▶ [Directions]
Print the lines in the listing below that fall between the line with "Lange RS 130" and the line with "Ladies Workday Colorblast T-shirt", those two lines included, exactly as they stand and with nothing else.

BEGIN

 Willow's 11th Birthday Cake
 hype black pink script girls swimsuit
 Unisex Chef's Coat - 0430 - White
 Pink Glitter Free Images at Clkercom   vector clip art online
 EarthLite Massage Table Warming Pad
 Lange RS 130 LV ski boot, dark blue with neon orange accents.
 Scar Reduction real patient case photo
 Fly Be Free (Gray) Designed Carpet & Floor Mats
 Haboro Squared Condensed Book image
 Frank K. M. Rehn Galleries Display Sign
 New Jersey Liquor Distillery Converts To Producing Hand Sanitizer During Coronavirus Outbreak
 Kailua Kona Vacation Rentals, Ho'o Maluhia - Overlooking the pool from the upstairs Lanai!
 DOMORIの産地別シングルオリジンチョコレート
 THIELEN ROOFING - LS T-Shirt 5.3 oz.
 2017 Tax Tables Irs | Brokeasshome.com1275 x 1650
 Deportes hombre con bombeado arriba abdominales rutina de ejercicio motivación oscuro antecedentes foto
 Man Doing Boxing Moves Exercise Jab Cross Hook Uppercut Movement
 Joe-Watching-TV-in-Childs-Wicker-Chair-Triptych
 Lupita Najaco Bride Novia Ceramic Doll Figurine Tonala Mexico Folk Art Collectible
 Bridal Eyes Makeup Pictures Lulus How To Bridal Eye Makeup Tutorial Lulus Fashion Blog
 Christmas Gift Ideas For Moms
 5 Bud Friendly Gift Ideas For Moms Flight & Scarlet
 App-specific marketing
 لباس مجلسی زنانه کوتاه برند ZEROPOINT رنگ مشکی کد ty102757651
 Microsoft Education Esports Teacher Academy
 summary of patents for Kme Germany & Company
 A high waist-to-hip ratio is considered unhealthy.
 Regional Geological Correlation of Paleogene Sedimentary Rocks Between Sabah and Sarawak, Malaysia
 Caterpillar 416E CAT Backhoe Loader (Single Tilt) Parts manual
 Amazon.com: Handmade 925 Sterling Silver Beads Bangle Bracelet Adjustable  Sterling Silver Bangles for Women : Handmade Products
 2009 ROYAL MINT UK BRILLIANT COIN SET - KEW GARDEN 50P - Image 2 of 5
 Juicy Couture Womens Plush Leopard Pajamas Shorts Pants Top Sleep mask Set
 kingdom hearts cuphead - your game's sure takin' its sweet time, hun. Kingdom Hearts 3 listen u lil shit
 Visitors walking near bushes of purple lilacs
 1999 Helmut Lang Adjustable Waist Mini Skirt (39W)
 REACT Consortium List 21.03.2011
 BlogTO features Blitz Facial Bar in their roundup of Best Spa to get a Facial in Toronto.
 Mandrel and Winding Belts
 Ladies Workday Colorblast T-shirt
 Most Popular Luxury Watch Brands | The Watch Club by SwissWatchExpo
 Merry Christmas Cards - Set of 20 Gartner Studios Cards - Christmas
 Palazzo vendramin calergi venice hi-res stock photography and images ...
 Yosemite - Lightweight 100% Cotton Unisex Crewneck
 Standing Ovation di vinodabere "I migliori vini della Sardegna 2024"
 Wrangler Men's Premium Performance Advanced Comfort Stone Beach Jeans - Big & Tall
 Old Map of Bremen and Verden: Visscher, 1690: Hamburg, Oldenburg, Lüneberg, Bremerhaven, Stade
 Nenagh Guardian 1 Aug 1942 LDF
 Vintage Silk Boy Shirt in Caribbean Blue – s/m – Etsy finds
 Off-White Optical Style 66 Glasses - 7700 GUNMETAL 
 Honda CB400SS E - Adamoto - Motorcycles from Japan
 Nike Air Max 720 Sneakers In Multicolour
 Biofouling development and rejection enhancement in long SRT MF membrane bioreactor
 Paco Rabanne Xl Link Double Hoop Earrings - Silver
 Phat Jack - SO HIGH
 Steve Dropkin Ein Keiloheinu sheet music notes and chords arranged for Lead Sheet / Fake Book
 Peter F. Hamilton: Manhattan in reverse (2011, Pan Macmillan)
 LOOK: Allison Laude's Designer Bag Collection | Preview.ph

END

▶ [Reply]
 Lange RS 130 LV ski boot, dark blue with neon orange accents.
 Scar Reduction real patient case photo
 Fly Be Free (Gray) Designed Carpet & Floor Mats
 Haboro Squared Condensed Book image
 Frank K. M. Rehn Galleries Display Sign
 New Jersey Liquor Distillery Converts To Producing Hand Sanitizer During Coronavirus Outbreak
 Kailua Kona Vacation Rentals, Ho'o Maluhia - Overlooking the pool from the upstairs Lanai!
 DOMORIの産地別シングルオリジンチョコレート
 THIELEN ROOFING - LS T-Shirt 5.3 oz.
 2017 Tax Tables Irs | Brokeasshome.com1275 x 1650
 Deportes hombre con bombeado arriba abdominales rutina de ejercicio motivación oscuro antecedentes foto
 Man Doing Boxing Moves Exercise Jab Cross Hook Uppercut Movement
 Joe-Watching-TV-in-Childs-Wicker-Chair-Triptych
 Lupita Najaco Bride Novia Ceramic Doll Figurine Tonala Mexico Folk Art Collectible
 Bridal Eyes Makeup Pictures Lulus How To Bridal Eye Makeup Tutorial Lulus Fashion Blog
 Christmas Gift Ideas For Moms
 5 Bud Friendly Gift Ideas For Moms Flight & Scarlet
 App-specific marketing
 لباس مجلسی زنانه کوتاه برند ZEROPOINT رنگ مشکی کد ty102757651
 Microsoft Education Esports Teacher Academy
 summary of patents for Kme Germany & Company
 A high waist-to-hip ratio is considered unhealthy.
 Regional Geological Correlation of Paleogene Sedimentary Rocks Between Sabah and Sarawak, Malaysia
 Caterpillar 416E CAT Backhoe Loader (Single Tilt) Parts manual
 Amazon.com: Handmade 925 Sterling Silver Beads Bangle Bracelet Adjustable  Sterling Silver Bangles for Women : Handmade Products
 2009 ROYAL MINT UK BRILLIANT COIN SET - KEW GARDEN 50P - Image 2 of 5
 Juicy Couture Womens Plush Leopard Pajamas Shorts Pants Top Sleep mask Set
 kingdom hearts cuphead - your game's sure takin' its sweet time, hun. Kingdom Hearts 3 listen u lil shit
 Visitors walking near bushes of purple lilacs
 1999 Helmut Lang Adjustable Waist Mini Skirt (39W)
 REACT Consortium List 21.03.2011
 BlogTO features Blitz Facial Bar in their roundup of Best Spa to get a Facial in Toronto.
 Mandrel and Winding Belts
 Ladies Workday Colorblast T-shirt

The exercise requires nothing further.